┌──

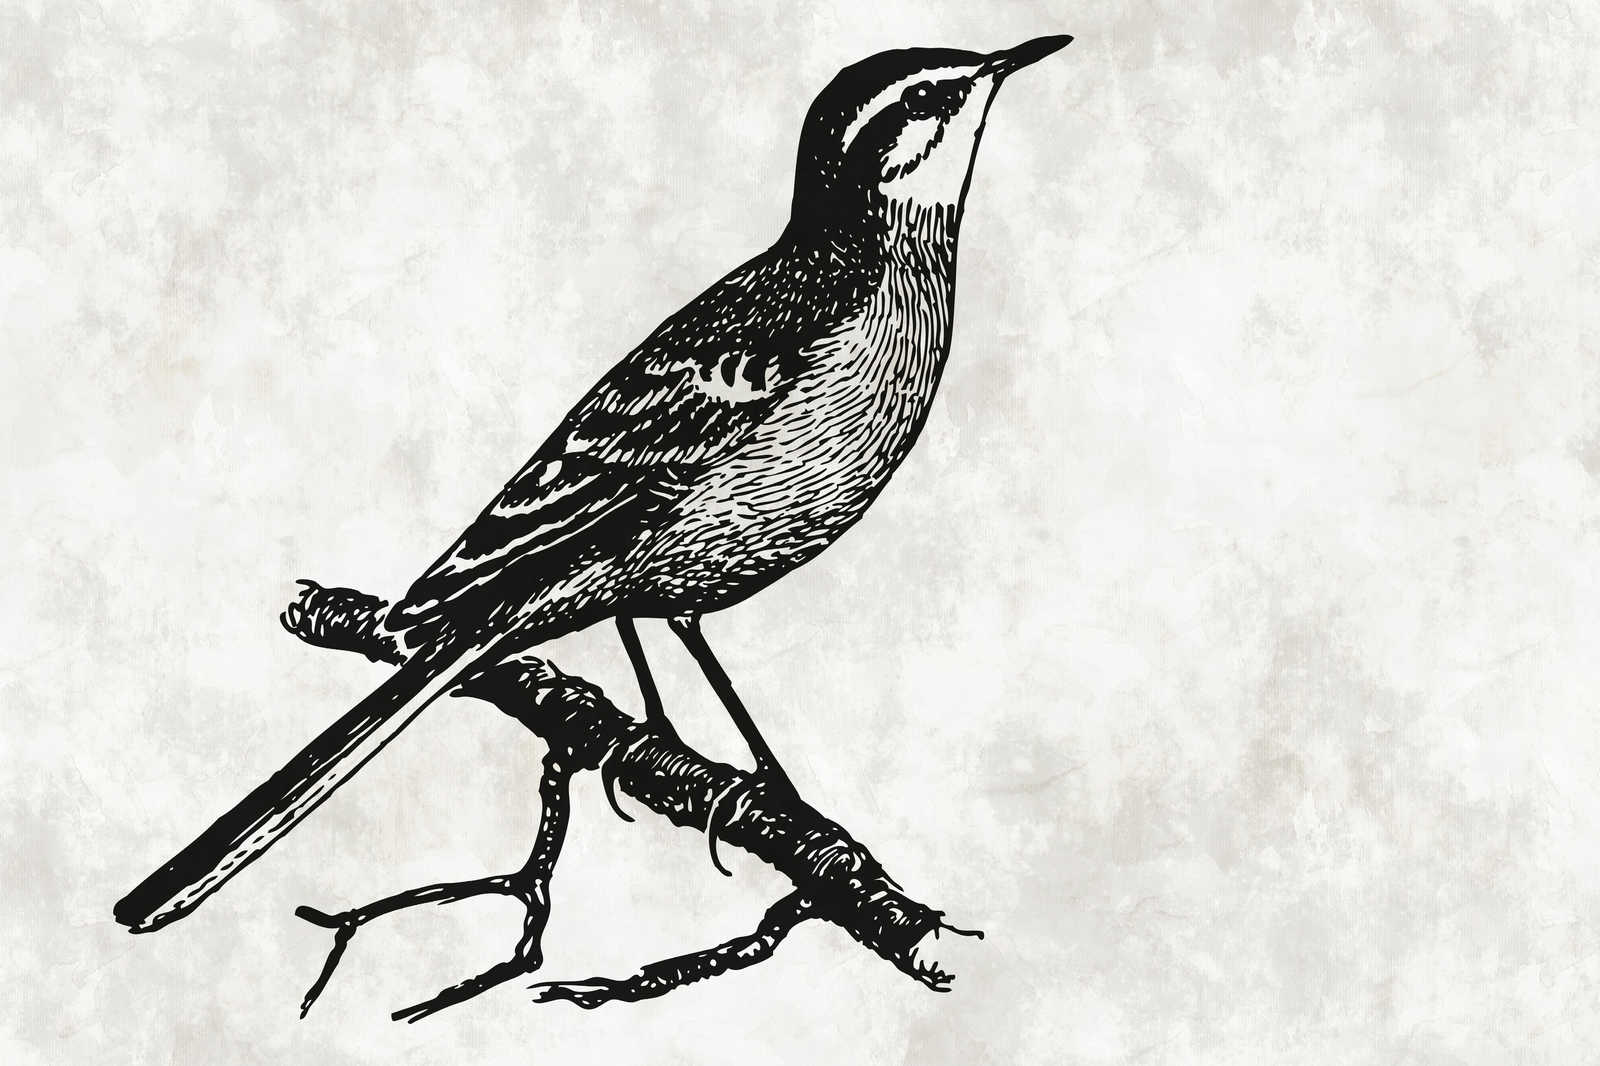             Quadro su tela di uccelli in stile carattere con ottica in gesso - 0,90 m x 0,60 m
        
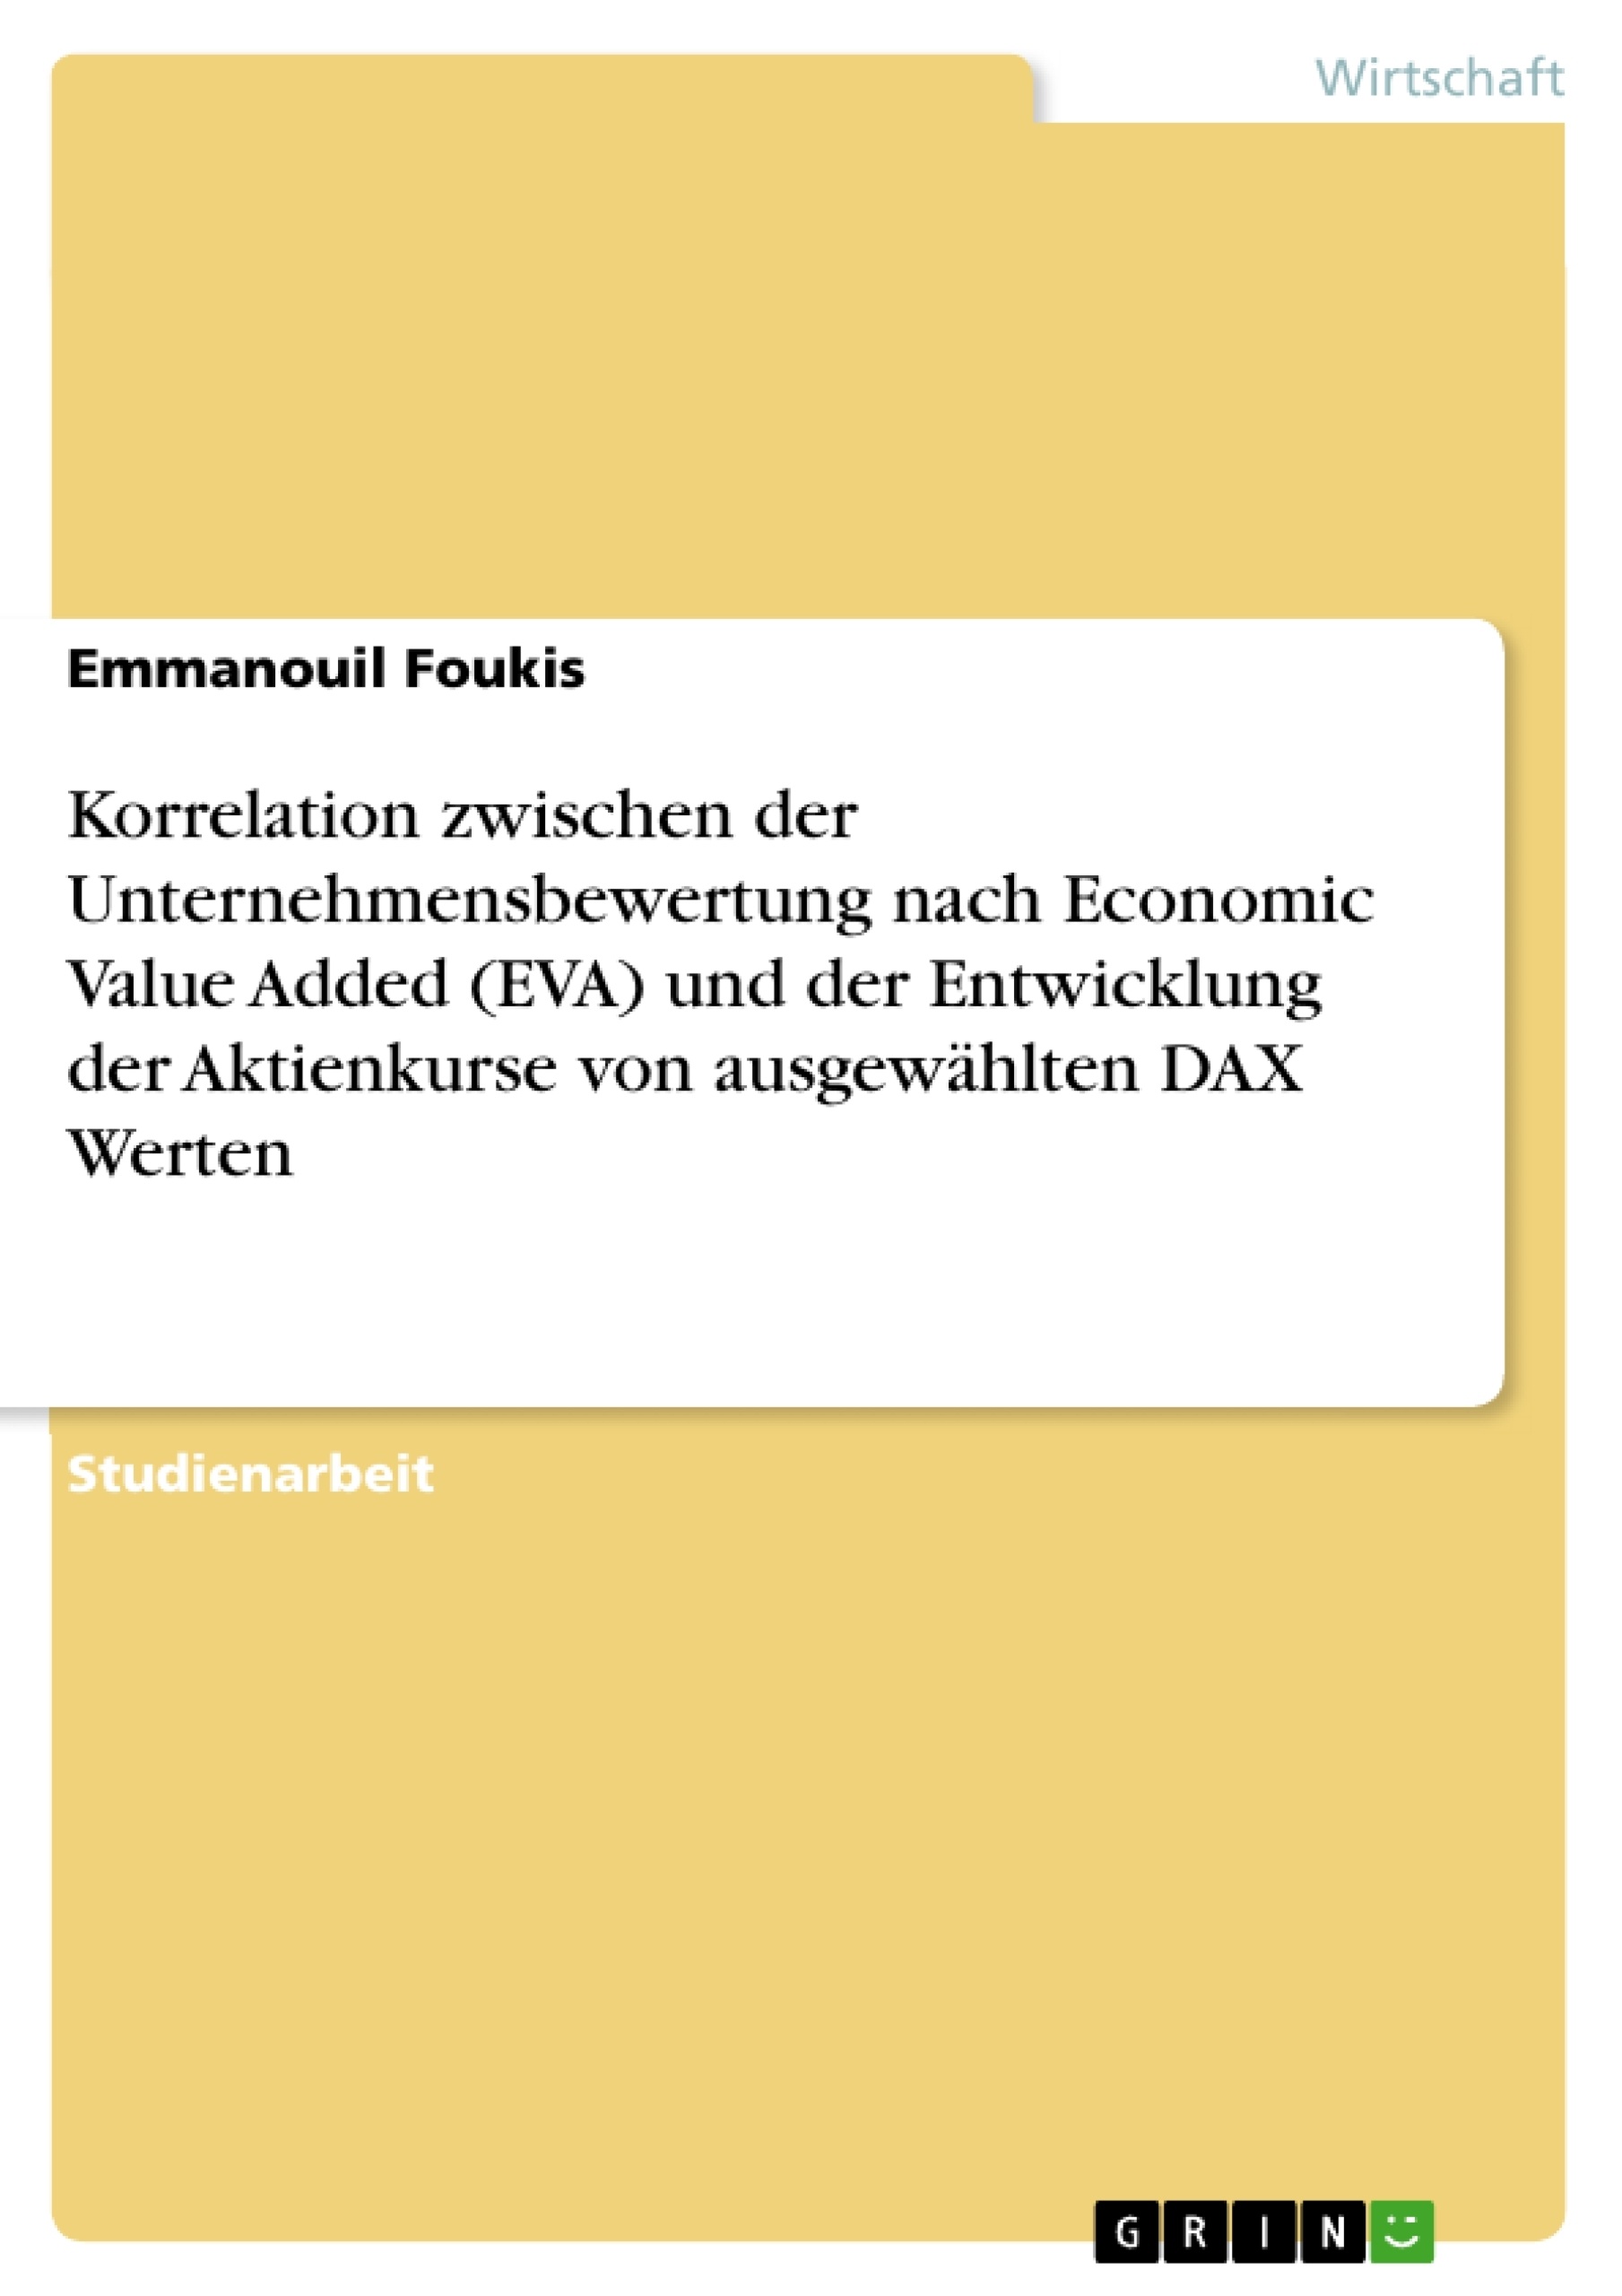 Title: Korrelation zwischen der Unternehmensbewertung nach Economic Value Added (EVA) und der Entwicklung der Aktienkurse von ausgewählten DAX Werten
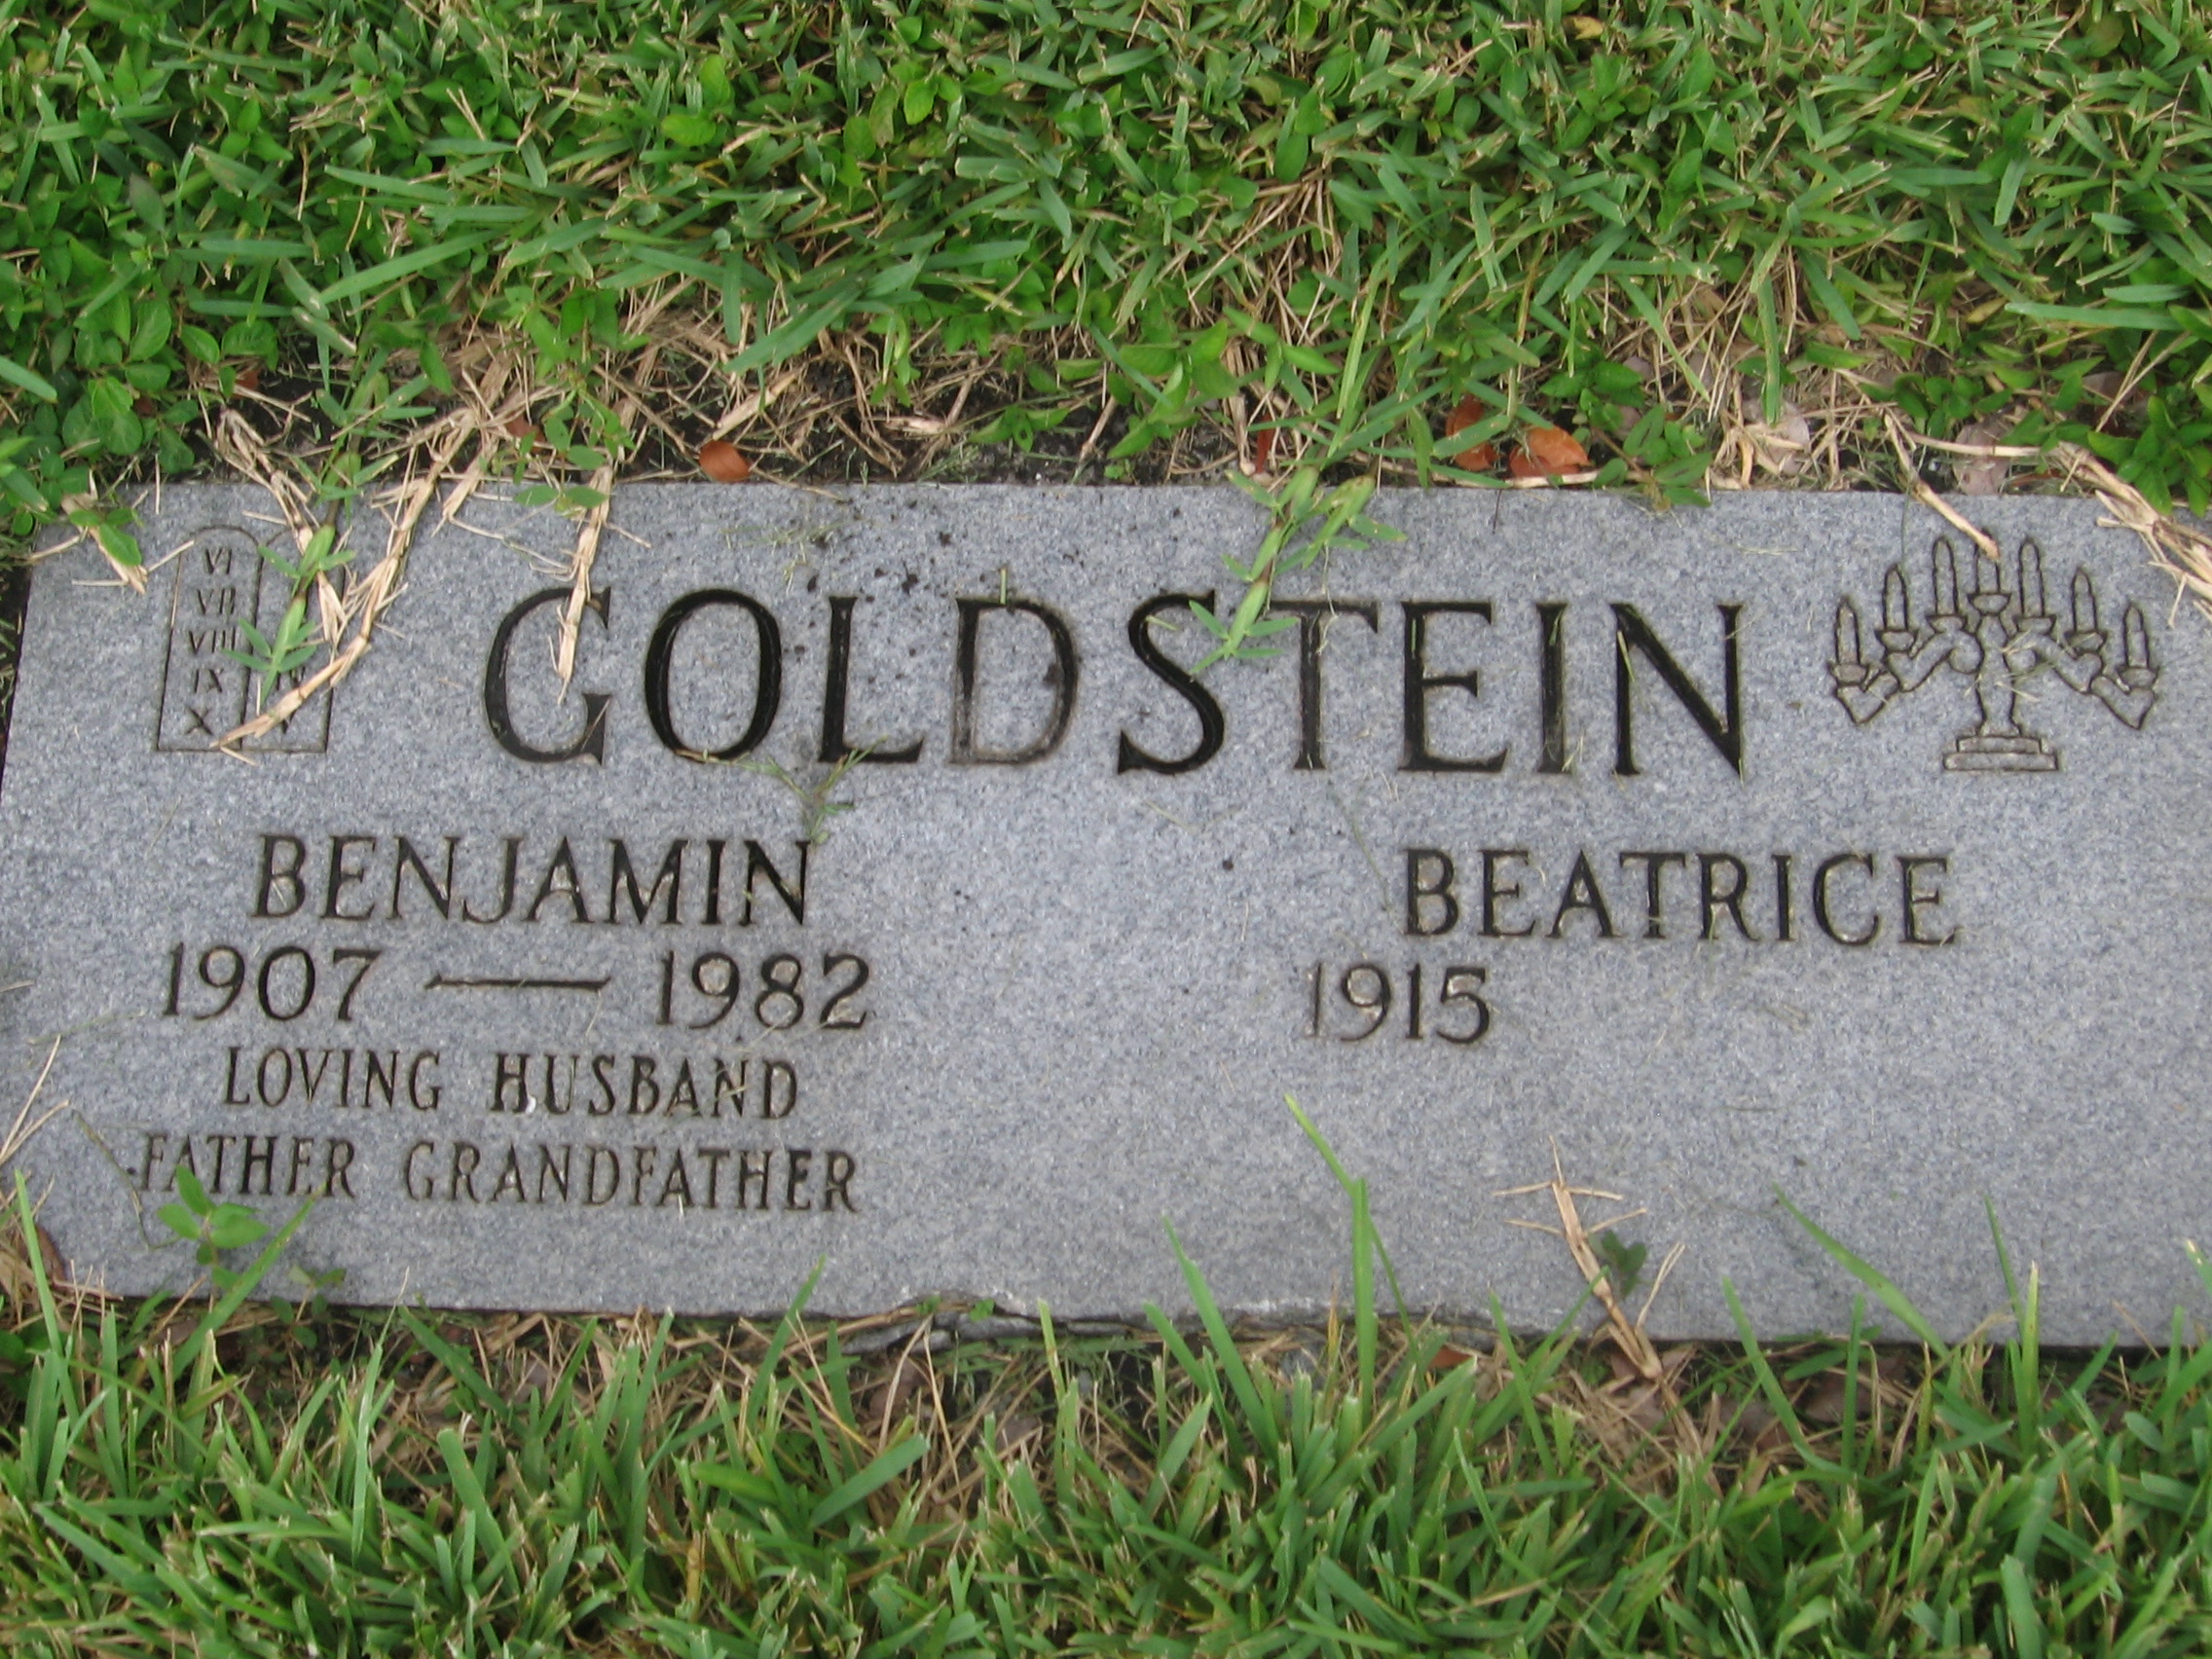 Beatrice Goldstein

└──

--- Task objective ---
Copy the full listing above exactly, apart from the pictures.

--- Answer section ---
             Quadro su tela di uccelli in stile carattere con ottica in gesso - 0,90 m x 0,60 m
        
 Title: Korrelation zwischen der Unternehmensbewertung nach Economic Value Added (EVA) und der Entwicklung der Aktienkurse von ausgewählten DAX Werten
 Beatrice Goldstein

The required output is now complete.